**Task instructions:** Each record must be retyped in full. No character may differ.

Source data
═══

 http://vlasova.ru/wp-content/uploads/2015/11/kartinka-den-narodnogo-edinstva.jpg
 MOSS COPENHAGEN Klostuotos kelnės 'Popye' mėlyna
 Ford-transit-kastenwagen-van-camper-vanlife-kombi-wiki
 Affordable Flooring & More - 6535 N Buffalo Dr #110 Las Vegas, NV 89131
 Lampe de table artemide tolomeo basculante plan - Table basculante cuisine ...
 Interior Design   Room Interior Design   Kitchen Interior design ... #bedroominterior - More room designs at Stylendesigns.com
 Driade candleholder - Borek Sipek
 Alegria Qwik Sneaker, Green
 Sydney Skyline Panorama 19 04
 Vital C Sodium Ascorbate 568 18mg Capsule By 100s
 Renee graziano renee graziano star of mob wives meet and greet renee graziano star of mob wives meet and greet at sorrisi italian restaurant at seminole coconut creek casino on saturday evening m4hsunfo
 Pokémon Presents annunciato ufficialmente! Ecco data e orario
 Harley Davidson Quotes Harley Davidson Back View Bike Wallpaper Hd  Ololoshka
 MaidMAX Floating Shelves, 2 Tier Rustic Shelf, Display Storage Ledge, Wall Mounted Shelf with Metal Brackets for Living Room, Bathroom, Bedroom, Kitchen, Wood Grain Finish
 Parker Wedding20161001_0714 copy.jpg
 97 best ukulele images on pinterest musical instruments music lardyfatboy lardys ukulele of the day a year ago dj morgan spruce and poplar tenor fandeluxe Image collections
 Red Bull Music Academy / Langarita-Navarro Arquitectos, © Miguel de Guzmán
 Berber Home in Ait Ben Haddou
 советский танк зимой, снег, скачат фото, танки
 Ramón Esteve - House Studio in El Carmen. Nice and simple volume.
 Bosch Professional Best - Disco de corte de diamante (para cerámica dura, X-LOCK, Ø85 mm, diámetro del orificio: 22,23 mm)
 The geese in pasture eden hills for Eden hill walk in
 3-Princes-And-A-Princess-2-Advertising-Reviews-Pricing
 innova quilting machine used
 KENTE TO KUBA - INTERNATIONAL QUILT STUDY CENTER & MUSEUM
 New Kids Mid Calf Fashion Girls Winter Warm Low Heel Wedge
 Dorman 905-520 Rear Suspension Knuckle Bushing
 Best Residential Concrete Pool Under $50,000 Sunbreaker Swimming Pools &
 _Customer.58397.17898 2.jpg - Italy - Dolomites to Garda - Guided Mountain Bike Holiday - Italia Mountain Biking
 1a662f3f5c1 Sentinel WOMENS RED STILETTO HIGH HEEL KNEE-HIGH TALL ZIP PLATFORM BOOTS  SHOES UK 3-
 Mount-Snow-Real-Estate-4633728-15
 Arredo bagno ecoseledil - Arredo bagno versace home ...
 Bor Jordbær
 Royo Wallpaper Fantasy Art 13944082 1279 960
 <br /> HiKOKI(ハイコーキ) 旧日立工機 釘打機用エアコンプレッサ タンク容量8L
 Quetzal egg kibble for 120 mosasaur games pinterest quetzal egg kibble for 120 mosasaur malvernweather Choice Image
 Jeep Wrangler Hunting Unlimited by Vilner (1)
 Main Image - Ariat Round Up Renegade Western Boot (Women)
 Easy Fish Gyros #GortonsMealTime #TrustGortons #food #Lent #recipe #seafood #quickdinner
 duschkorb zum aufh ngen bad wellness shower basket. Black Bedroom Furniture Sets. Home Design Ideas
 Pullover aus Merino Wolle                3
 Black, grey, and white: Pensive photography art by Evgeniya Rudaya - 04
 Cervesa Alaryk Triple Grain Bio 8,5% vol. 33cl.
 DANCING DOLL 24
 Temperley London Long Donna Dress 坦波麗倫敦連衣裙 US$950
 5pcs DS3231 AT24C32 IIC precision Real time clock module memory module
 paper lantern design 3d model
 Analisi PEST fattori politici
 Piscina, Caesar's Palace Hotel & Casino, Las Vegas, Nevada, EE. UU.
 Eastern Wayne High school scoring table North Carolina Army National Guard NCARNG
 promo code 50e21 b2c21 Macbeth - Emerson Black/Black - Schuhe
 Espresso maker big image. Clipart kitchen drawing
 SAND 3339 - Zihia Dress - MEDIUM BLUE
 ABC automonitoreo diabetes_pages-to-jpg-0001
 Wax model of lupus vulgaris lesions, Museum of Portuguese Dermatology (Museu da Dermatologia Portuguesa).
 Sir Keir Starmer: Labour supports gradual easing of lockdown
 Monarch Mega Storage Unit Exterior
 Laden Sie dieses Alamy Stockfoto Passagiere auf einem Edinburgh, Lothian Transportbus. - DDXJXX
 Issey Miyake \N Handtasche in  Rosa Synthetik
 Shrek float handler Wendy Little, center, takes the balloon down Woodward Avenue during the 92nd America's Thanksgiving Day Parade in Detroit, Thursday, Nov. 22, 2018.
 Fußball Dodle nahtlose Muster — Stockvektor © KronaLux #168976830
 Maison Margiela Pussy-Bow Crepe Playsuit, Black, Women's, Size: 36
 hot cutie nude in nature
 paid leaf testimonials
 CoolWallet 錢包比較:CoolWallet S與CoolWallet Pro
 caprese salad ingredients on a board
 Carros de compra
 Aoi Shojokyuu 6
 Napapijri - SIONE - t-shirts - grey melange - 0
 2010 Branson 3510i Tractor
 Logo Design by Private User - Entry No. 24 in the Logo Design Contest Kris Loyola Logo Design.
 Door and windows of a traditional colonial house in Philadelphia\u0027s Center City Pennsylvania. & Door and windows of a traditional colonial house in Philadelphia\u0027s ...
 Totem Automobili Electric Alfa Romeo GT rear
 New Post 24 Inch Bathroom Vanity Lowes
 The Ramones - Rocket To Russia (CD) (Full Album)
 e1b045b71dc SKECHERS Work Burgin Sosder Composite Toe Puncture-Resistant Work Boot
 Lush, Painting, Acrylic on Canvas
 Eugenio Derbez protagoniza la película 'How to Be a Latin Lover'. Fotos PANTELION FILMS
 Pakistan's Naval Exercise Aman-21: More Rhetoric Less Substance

═══

**Output of the task:**
 http://vlasova.ru/wp-content/uploads/2015/11/kartinka-den-narodnogo-edinstva.jpg
 MOSS COPENHAGEN Klostuotos kelnės 'Popye' mėlyna
 Ford-transit-kastenwagen-van-camper-vanlife-kombi-wiki
 Affordable Flooring & More - 6535 N Buffalo Dr #110 Las Vegas, NV 89131
 Lampe de table artemide tolomeo basculante plan - Table basculante cuisine ...
 Interior Design   Room Interior Design   Kitchen Interior design ... #bedroominterior - More room designs at Stylendesigns.com
 Driade candleholder - Borek Sipek
 Alegria Qwik Sneaker, Green
 Sydney Skyline Panorama 19 04
 Vital C Sodium Ascorbate 568 18mg Capsule By 100s
 Renee graziano renee graziano star of mob wives meet and greet renee graziano star of mob wives meet and greet at sorrisi italian restaurant at seminole coconut creek casino on saturday evening m4hsunfo
 Pokémon Presents annunciato ufficialmente! Ecco data e orario
 Harley Davidson Quotes Harley Davidson Back View Bike Wallpaper Hd  Ololoshka
 MaidMAX Floating Shelves, 2 Tier Rustic Shelf, Display Storage Ledge, Wall Mounted Shelf with Metal Brackets for Living Room, Bathroom, Bedroom, Kitchen, Wood Grain Finish
 Parker Wedding20161001_0714 copy.jpg
 97 best ukulele images on pinterest musical instruments music lardyfatboy lardys ukulele of the day a year ago dj morgan spruce and poplar tenor fandeluxe Image collections
 Red Bull Music Academy / Langarita-Navarro Arquitectos, © Miguel de Guzmán
 Berber Home in Ait Ben Haddou
 советский танк зимой, снег, скачат фото, танки
 Ramón Esteve - House Studio in El Carmen. Nice and simple volume.
 Bosch Professional Best - Disco de corte de diamante (para cerámica dura, X-LOCK, Ø85 mm, diámetro del orificio: 22,23 mm)
 The geese in pasture eden hills for Eden hill walk in
 3-Princes-And-A-Princess-2-Advertising-Reviews-Pricing
 innova quilting machine used
 KENTE TO KUBA - INTERNATIONAL QUILT STUDY CENTER & MUSEUM
 New Kids Mid Calf Fashion Girls Winter Warm Low Heel Wedge
 Dorman 905-520 Rear Suspension Knuckle Bushing
 Best Residential Concrete Pool Under $50,000 Sunbreaker Swimming Pools &
 _Customer.58397.17898 2.jpg - Italy - Dolomites to Garda - Guided Mountain Bike Holiday - Italia Mountain Biking
 1a662f3f5c1 Sentinel WOMENS RED STILETTO HIGH HEEL KNEE-HIGH TALL ZIP PLATFORM BOOTS  SHOES UK 3-
 Mount-Snow-Real-Estate-4633728-15
 Arredo bagno ecoseledil - Arredo bagno versace home ...
 Bor Jordbær
 Royo Wallpaper Fantasy Art 13944082 1279 960
 <br /> HiKOKI(ハイコーキ) 旧日立工機 釘打機用エアコンプレッサ タンク容量8L
 Quetzal egg kibble for 120 mosasaur games pinterest quetzal egg kibble for 120 mosasaur malvernweather Choice Image
 Jeep Wrangler Hunting Unlimited by Vilner (1)
 Main Image - Ariat Round Up Renegade Western Boot (Women)
 Easy Fish Gyros #GortonsMealTime #TrustGortons #food #Lent #recipe #seafood #quickdinner
 duschkorb zum aufh ngen bad wellness shower basket. Black Bedroom Furniture Sets. Home Design Ideas
 Pullover aus Merino Wolle                3
 Black, grey, and white: Pensive photography art by Evgeniya Rudaya - 04
 Cervesa Alaryk Triple Grain Bio 8,5% vol. 33cl.
 DANCING DOLL 24
 Temperley London Long Donna Dress 坦波麗倫敦連衣裙 US$950
 5pcs DS3231 AT24C32 IIC precision Real time clock module memory module
 paper lantern design 3d model
 Analisi PEST fattori politici
 Piscina, Caesar's Palace Hotel & Casino, Las Vegas, Nevada, EE. UU.
 Eastern Wayne High school scoring table North Carolina Army National Guard NCARNG
 promo code 50e21 b2c21 Macbeth - Emerson Black/Black - Schuhe
 Espresso maker big image. Clipart kitchen drawing
 SAND 3339 - Zihia Dress - MEDIUM BLUE
 ABC automonitoreo diabetes_pages-to-jpg-0001
 Wax model of lupus vulgaris lesions, Museum of Portuguese Dermatology (Museu da Dermatologia Portuguesa).
 Sir Keir Starmer: Labour supports gradual easing of lockdown
 Monarch Mega Storage Unit Exterior
 Laden Sie dieses Alamy Stockfoto Passagiere auf einem Edinburgh, Lothian Transportbus. - DDXJXX
 Issey Miyake \N Handtasche in  Rosa Synthetik
 Shrek float handler Wendy Little, center, takes the balloon down Woodward Avenue during the 92nd America's Thanksgiving Day Parade in Detroit, Thursday, Nov. 22, 2018.
 Fußball Dodle nahtlose Muster — Stockvektor © KronaLux #168976830
 Maison Margiela Pussy-Bow Crepe Playsuit, Black, Women's, Size: 36
 hot cutie nude in nature
 paid leaf testimonials
 CoolWallet 錢包比較:CoolWallet S與CoolWallet Pro
 caprese salad ingredients on a board
 Carros de compra
 Aoi Shojokyuu 6
 Napapijri - SIONE - t-shirts - grey melange - 0
 2010 Branson 3510i Tractor
 Logo Design by Private User - Entry No. 24 in the Logo Design Contest Kris Loyola Logo Design.
 Door and windows of a traditional colonial house in Philadelphia\u0027s Center City Pennsylvania. & Door and windows of a traditional colonial house in Philadelphia\u0027s ...
 Totem Automobili Electric Alfa Romeo GT rear
 New Post 24 Inch Bathroom Vanity Lowes
 The Ramones - Rocket To Russia (CD) (Full Album)
 e1b045b71dc SKECHERS Work Burgin Sosder Composite Toe Puncture-Resistant Work Boot
 Lush, Painting, Acrylic on Canvas
 Eugenio Derbez protagoniza la película 'How to Be a Latin Lover'. Fotos PANTELION FILMS
 Pakistan's Naval Exercise Aman-21: More Rhetoric Less Substance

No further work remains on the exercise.